> **PROBLEM REQUIREMENTS**
Drop the images, then output the listing exactly.

DATA SHOWN Start Marker

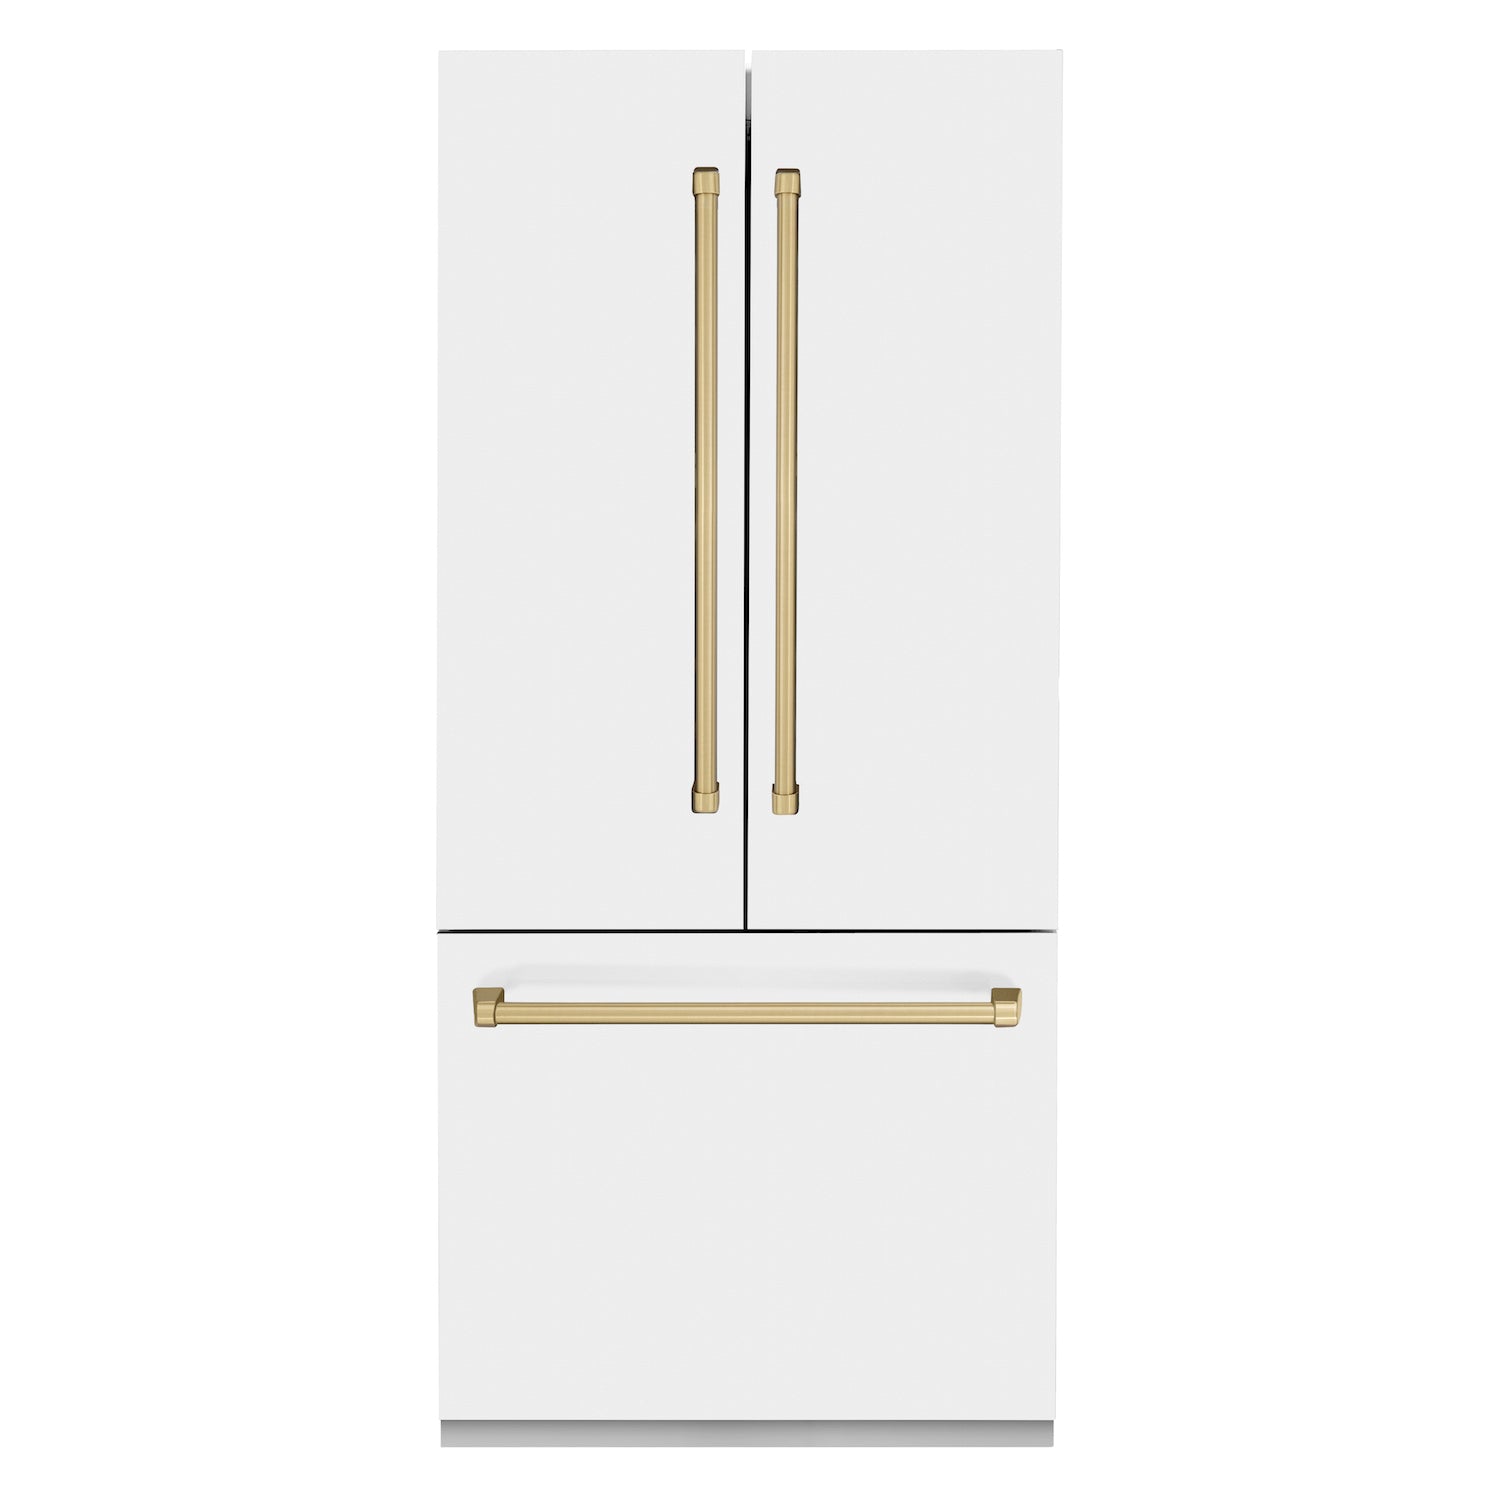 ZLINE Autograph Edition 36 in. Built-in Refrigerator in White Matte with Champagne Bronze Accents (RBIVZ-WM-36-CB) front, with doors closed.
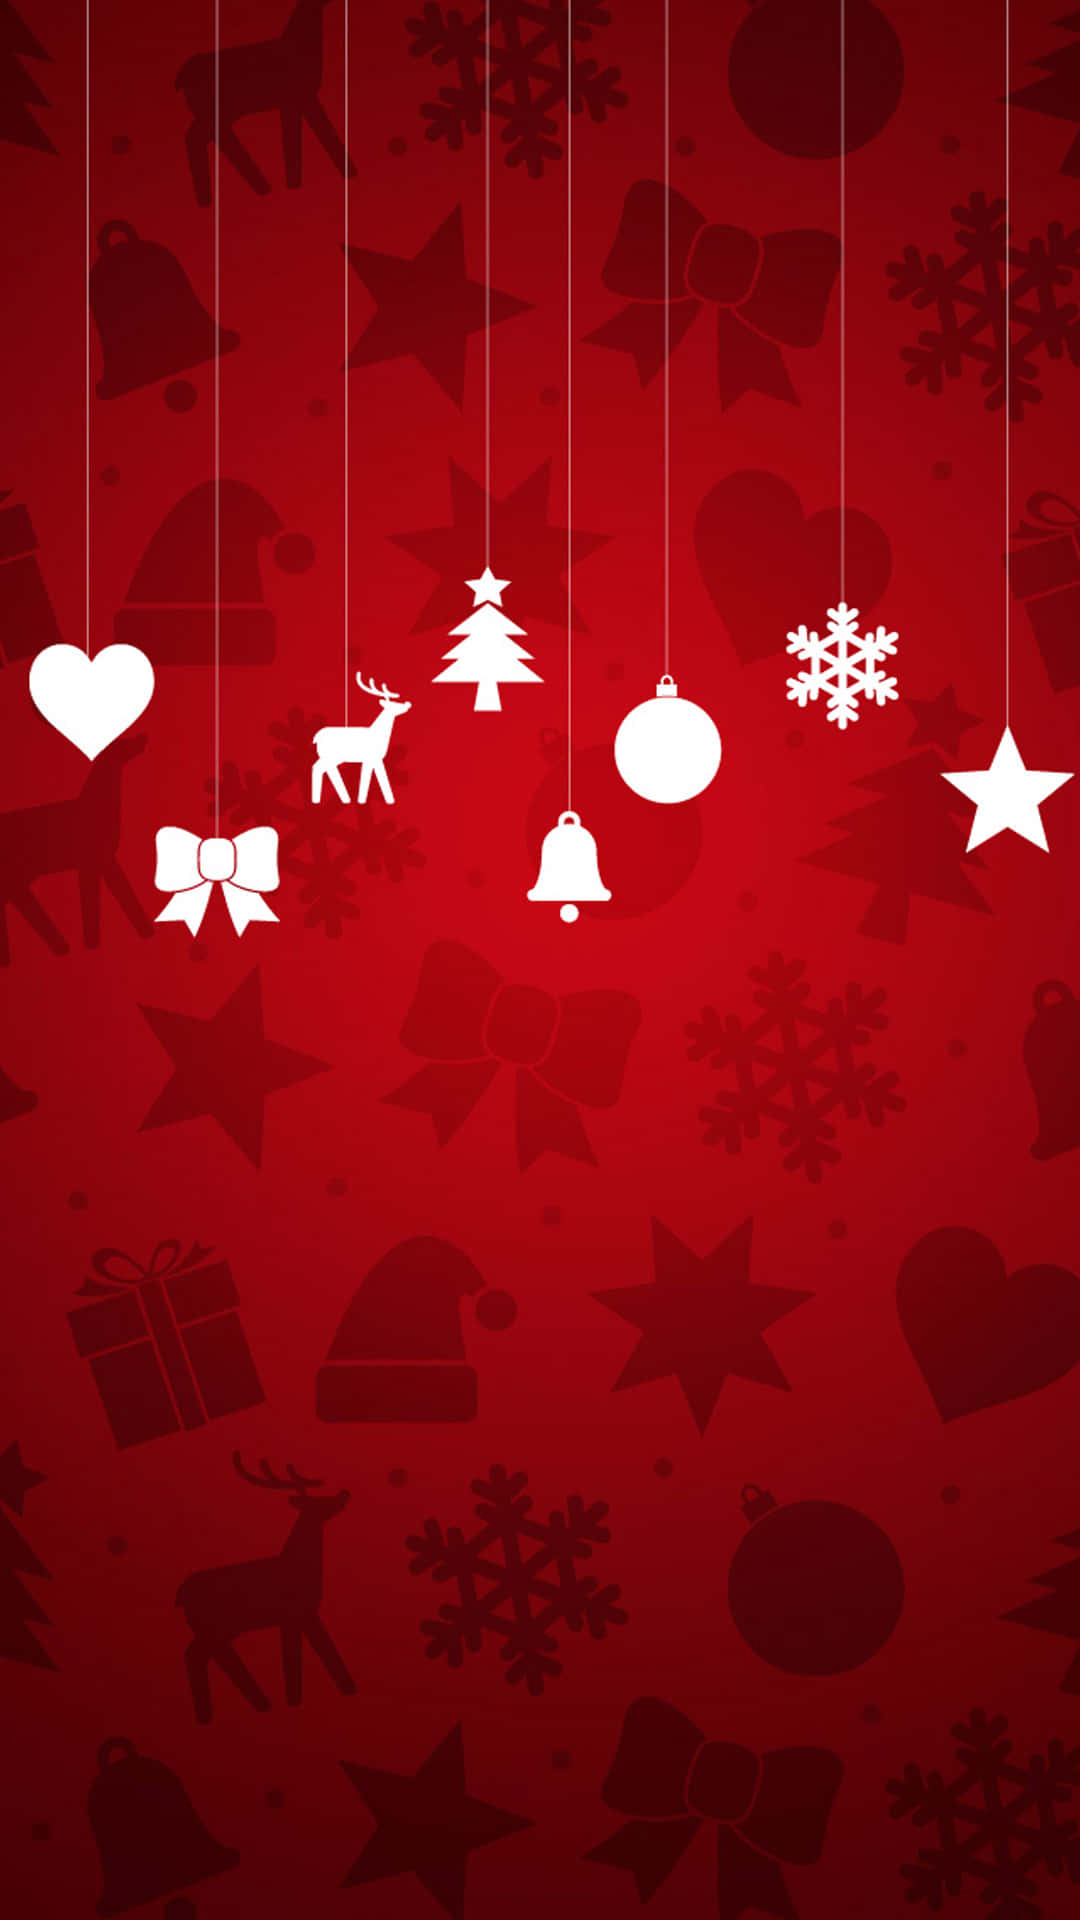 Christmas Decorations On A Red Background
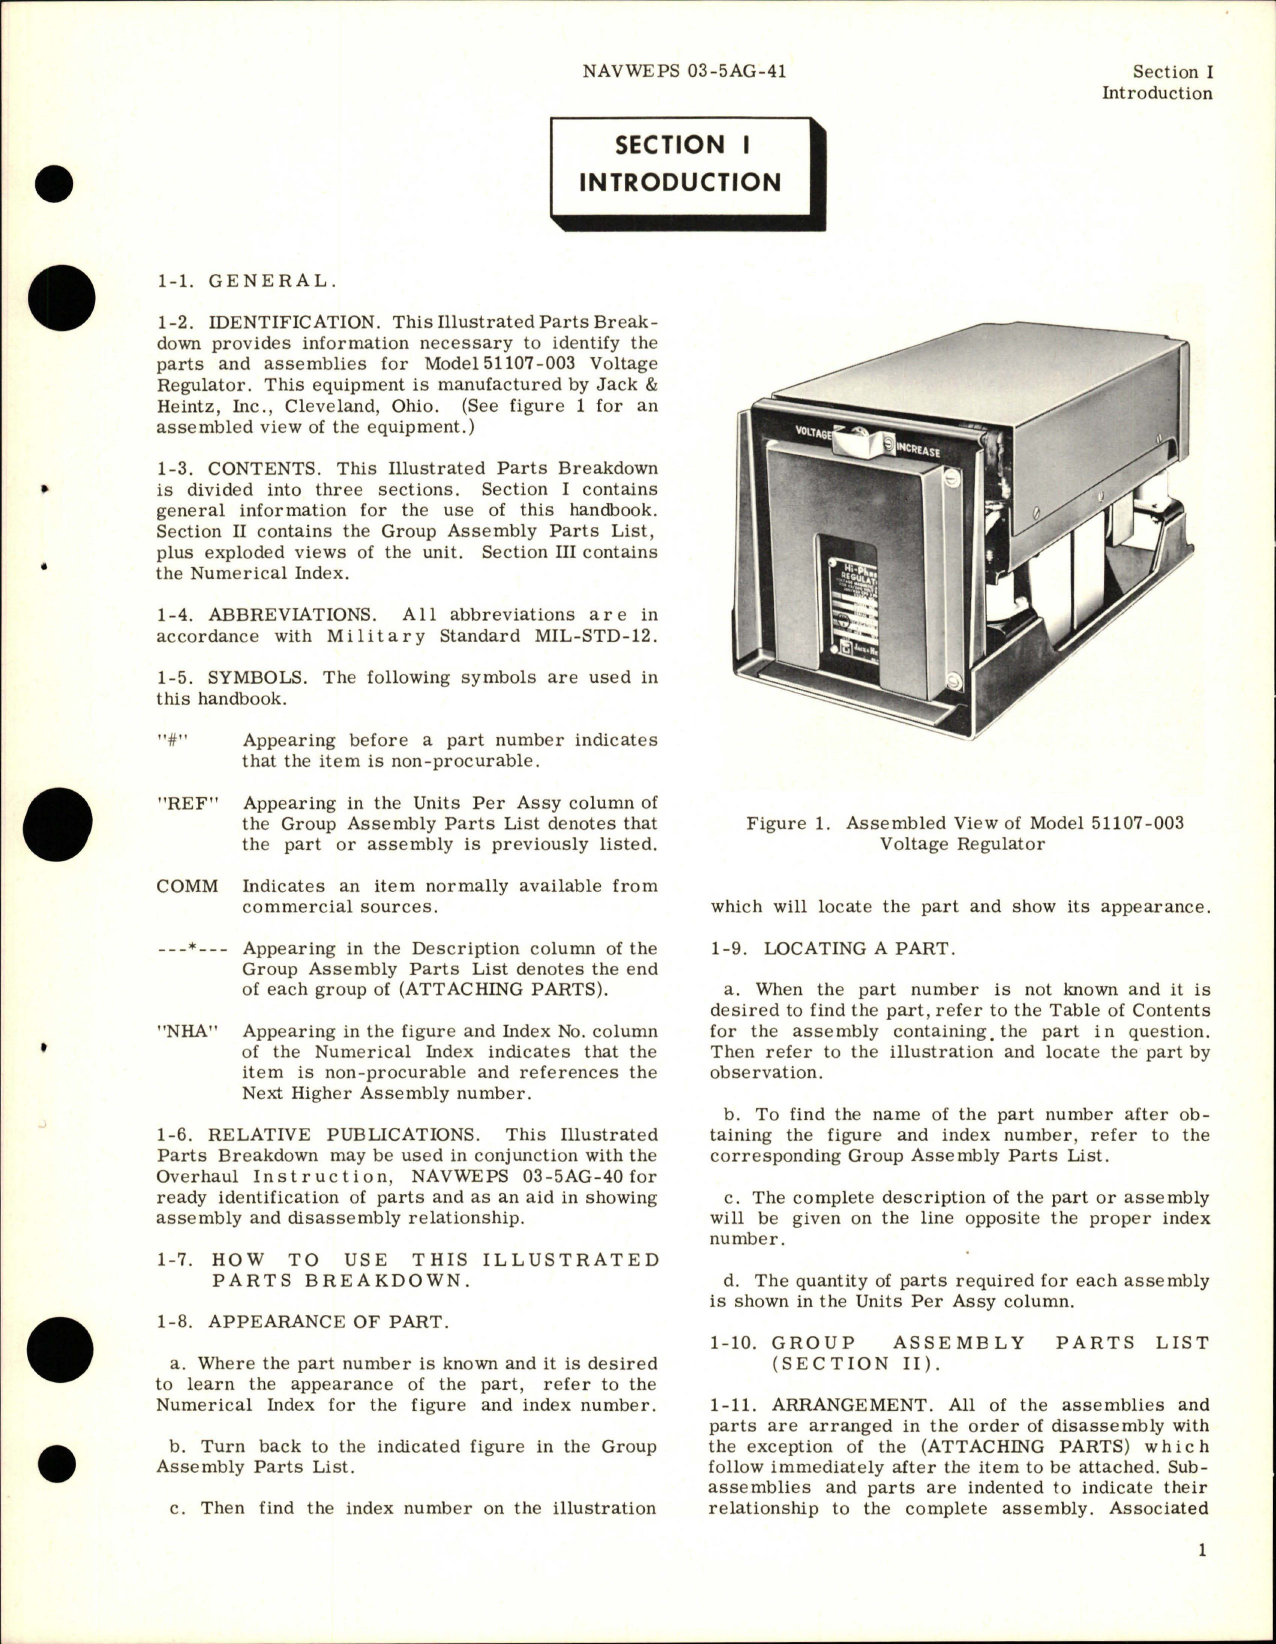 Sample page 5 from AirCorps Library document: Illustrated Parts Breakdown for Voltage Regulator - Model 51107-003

DATA SHOWN End Marker

> **OUTPUT OF THE EXERCISE**
 ZLINE Autograph Edition 36 in. Built-in Refrigerator in White Matte with Champagne Bronze Accents (RBIVZ-WM-36-CB) front, with doors closed.
 Christmas Decorations On A Red Background
 Sample page 5 from AirCorps Library document: Illustrated Parts Breakdown for Voltage Regulator - Model 51107-003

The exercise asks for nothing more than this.